For the 1,409 middle school cohort students, the hierarchical multiple regression that controlled for 
student’s demographic characteristics and their 2010-2011 science EOG scaled scores (Block 3) 
explained 25% of the total variance (R2) in students’ 2013-2014 science EOG scaled scores (see Table 
59).
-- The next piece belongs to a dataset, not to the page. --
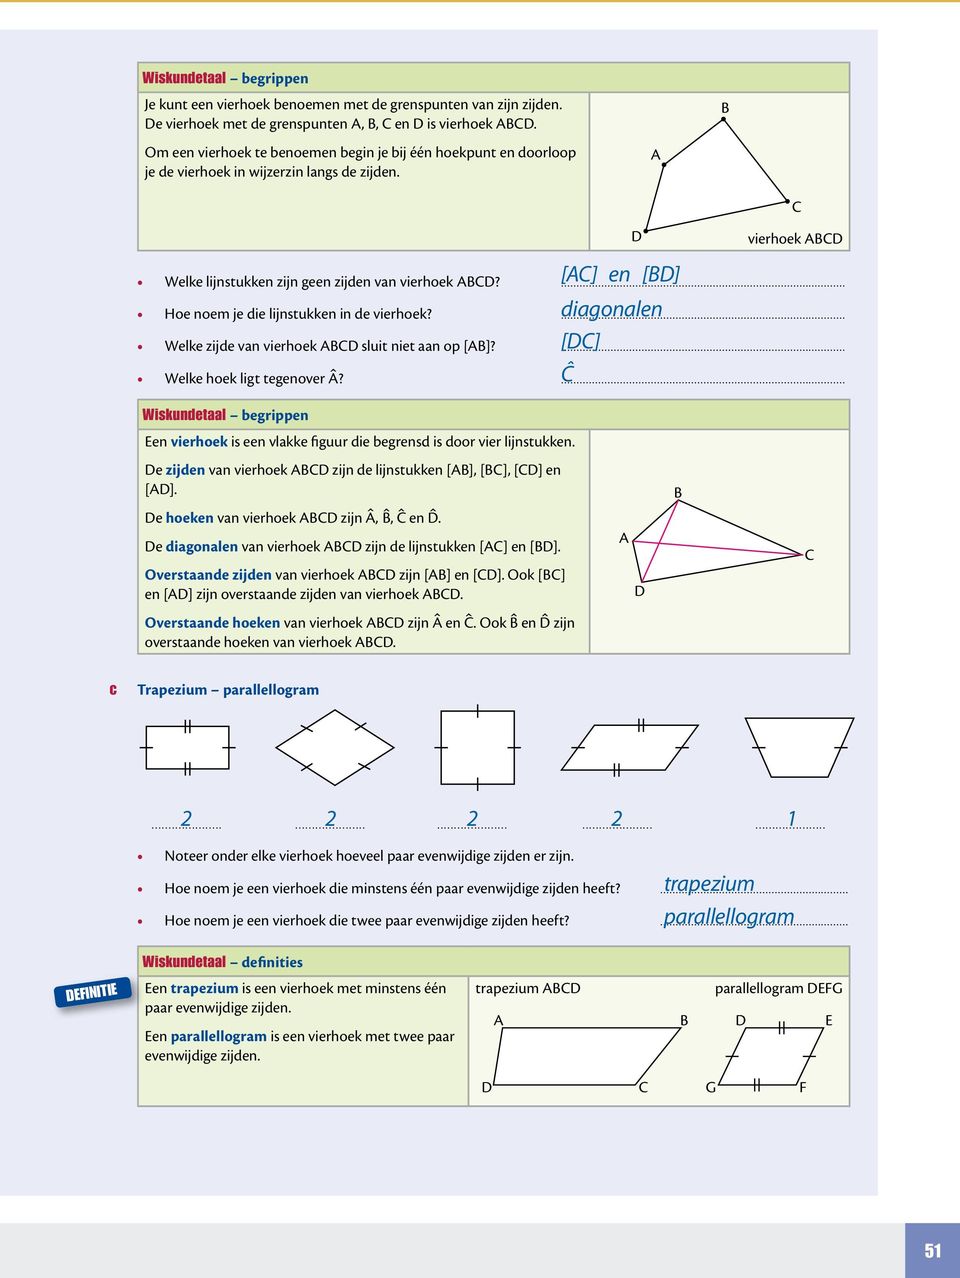 ... diagonalen [] Hoe noem je die lijnstukken in de vierhoek?... Welke zijde van vierhoek sluit niet aan op []?... Welke hoek ligt tegenover?

The addition of the student’s Phase to the model (Block 3) increased the percentage of variance 
accounted for by one percentage point, and Phase was a statistically significant predictor of 2013-2014 
science scaled scores (G= -0.05, t = -2.26, p = 0.024). 


The overall ANCOVA analysis (See Table 60) revealed that there was a statistically significant difference 

in students’ 2013-2014 science EOG scaled scores between Phase 1 and Phase 2 middle school cohort 
students in the aggregate (F (1, 1402) = 5.11, p = 0.024, g = -0.09, PR = 46), but the effect size (g = -0.09) 
favoring Phase 2 students was not substantively important according to WWC guidelines. 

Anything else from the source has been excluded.